I was a prize idiot on the way home. I decided, after the incident with the jeans, that I could afford a cab to the airport rather than the A train. (The cab nearly didn’t make it. It stalled regularly in the slow traffic, and my eyes were smarting from the smell of roasting clutch by the time we reached JFK almost an hour later.) I forgot which airline was supposed to fly me to Seattle at 4:30. This meant I had to negotiate the warren of TSA checkpoints going from terminal to terminal. At one point the arrows directed me down a series of deserted hallways, across a parking lot, up a sketchy back stairway, and into a wall. I retraced my steps and found another route. This one brought me sidelong into an empty maze of cordons for the security queue. Happily, I could see the Delta self-check-in area just on the other side.
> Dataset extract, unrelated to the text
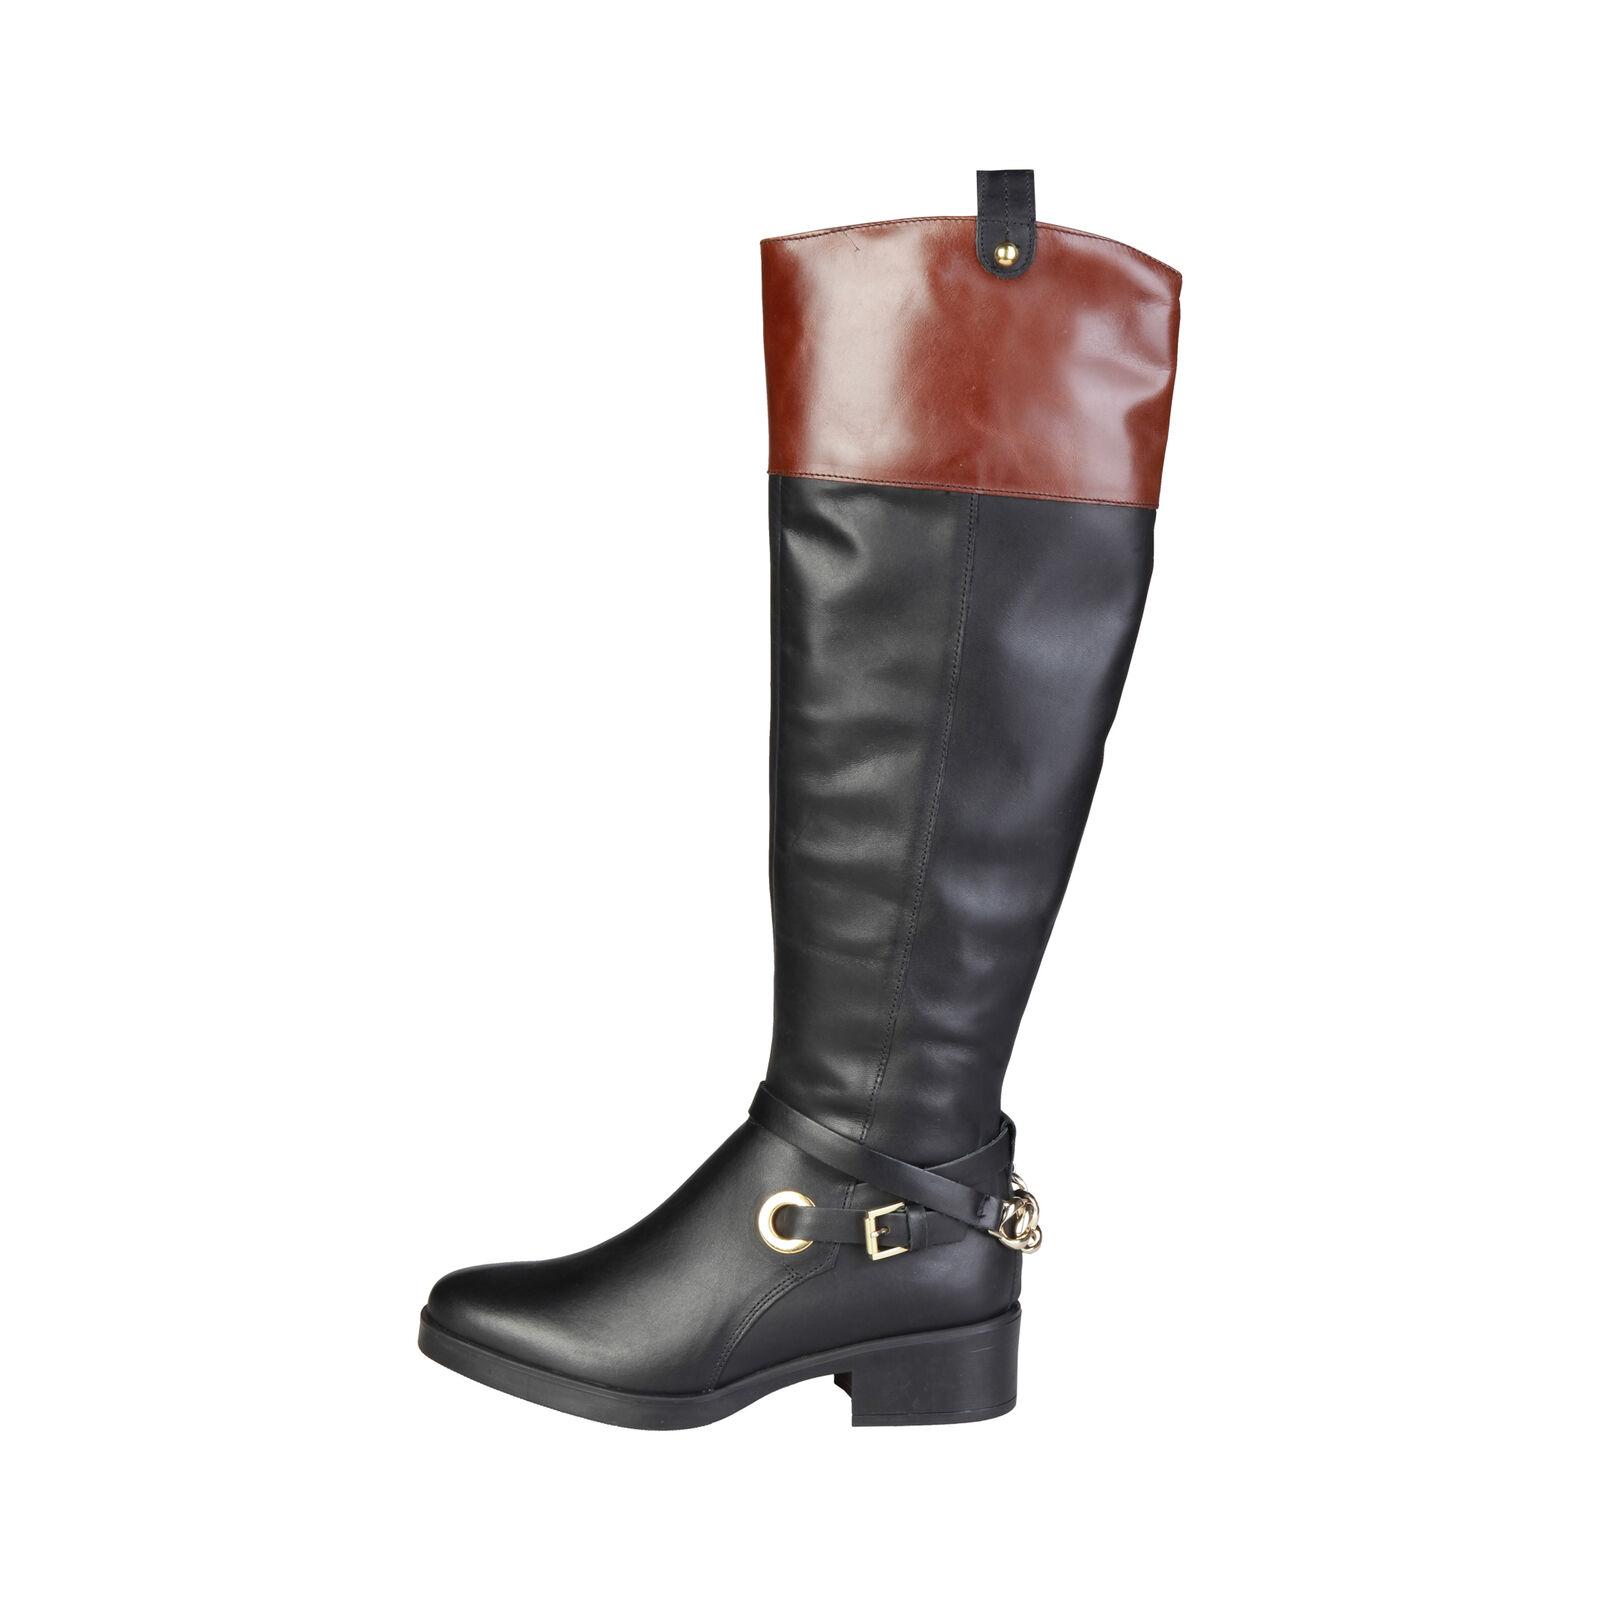 ca7b0d91d Pierre Cardin señora botas zapatos botas botines altos cuero genuino negro
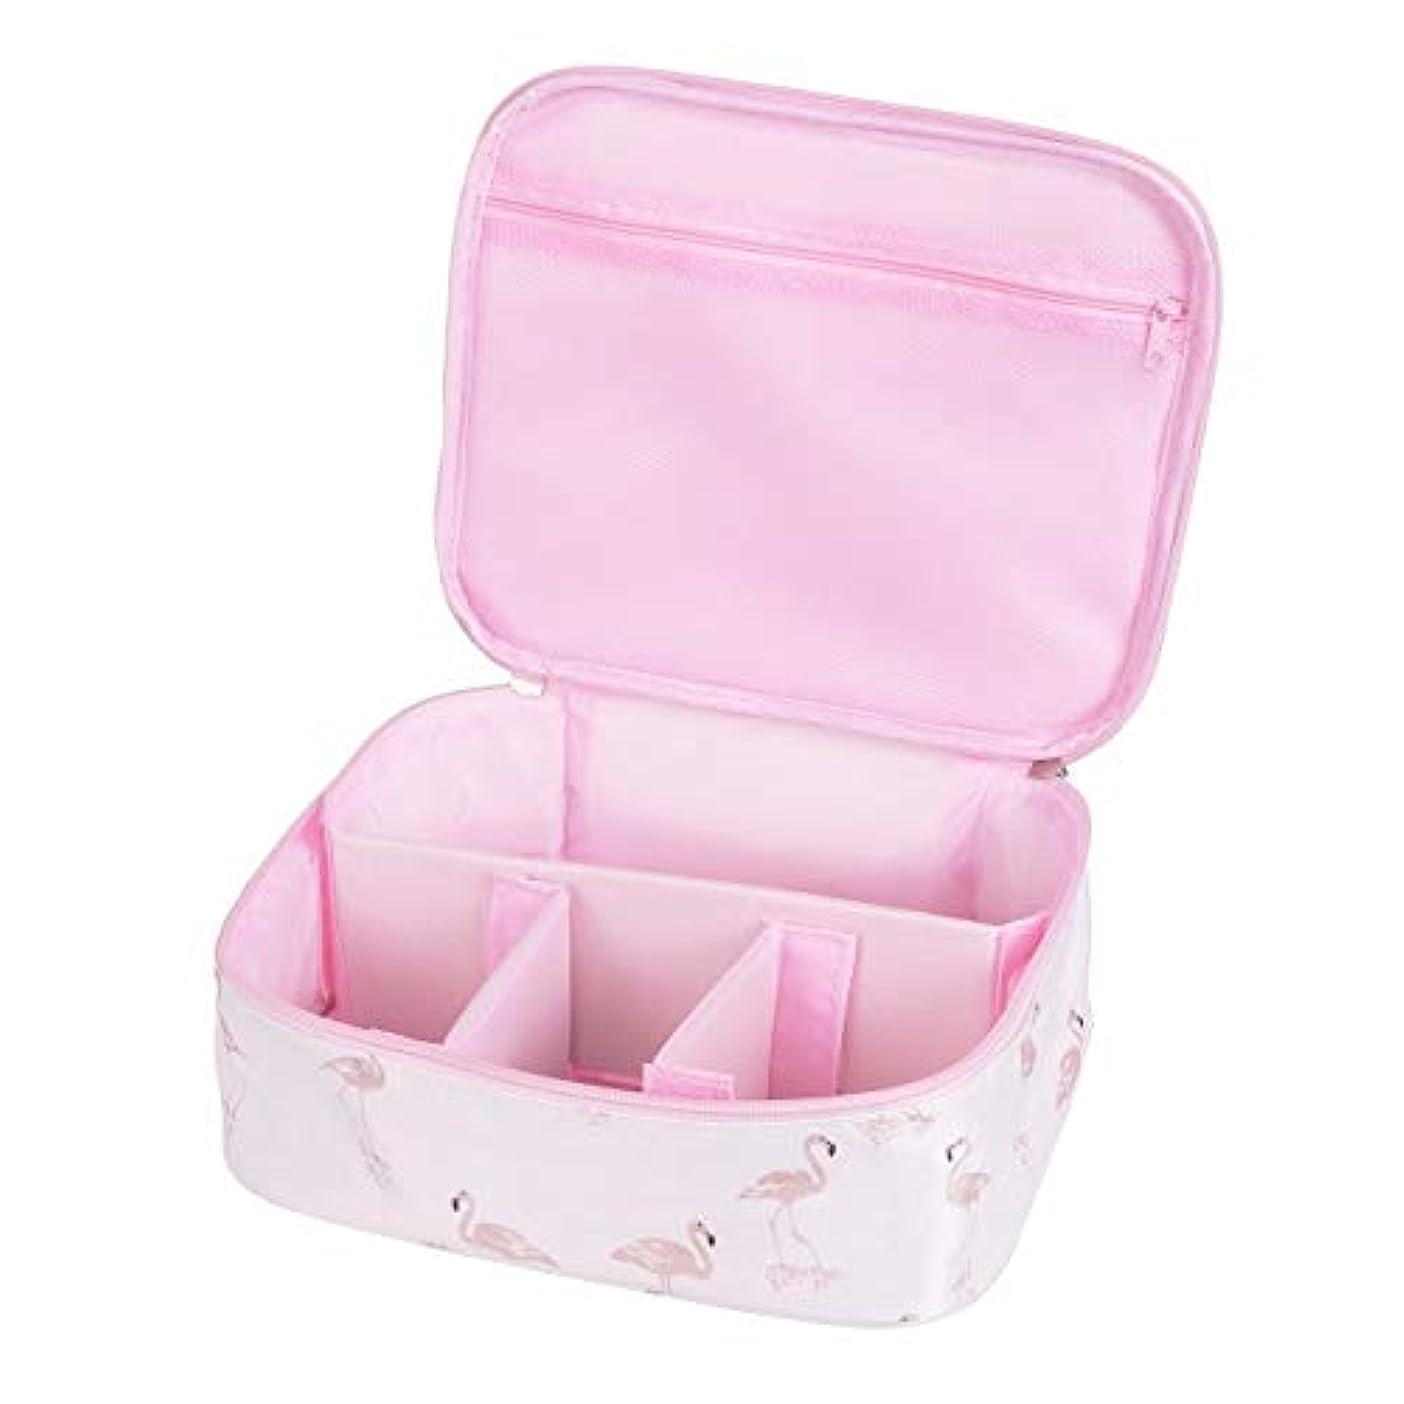 記念日変化する辞任[CAWKAY] メイクボックス 旅行用化粧ケース コスメ バッグ ボックス トラベル化粧ポーチ メイクブラシ 小物入れ 収納

But a fellow in a uniform told me firmly that I could not simply duck under one of his black seatbelty barriers. I’d have to go around. Later I spent half an hour waiting in line for a cold and greasy slab of pizza (you won’t believe me, but this really was the least of available evils), and then found I didn’t actually have a seat on the plane. Only due to the lateness of a connecting flight did I eventually manage to board. (Sorry, would-have-been Norfolk-JFK-Seattle travellers. I appreciate your sacrifice, even though no one asked you.) And then, you know, six hours crammed in with the sweaties and wealth philosophers nine inches from the toilets. By the time I got off in Seattle I was so dazed that I wandered straight into the men’s bathroom. Didn’t even realize my mistake until there was a dude of the masculine persuasion using the sink next to mine and giving me a disapproving look. Scared a fellow on his way in, too. Oh well.

There was knitting accomplished on this trip. I’ll show you soon. Oh, and Theft, by Peter Carey? Great book. I pretty much snorted it like 288 pages of literary drugs. I inhaled it so fast I had to buy Ian McEwan’s Atonement in the airport on the way home, movie poster jacket and all.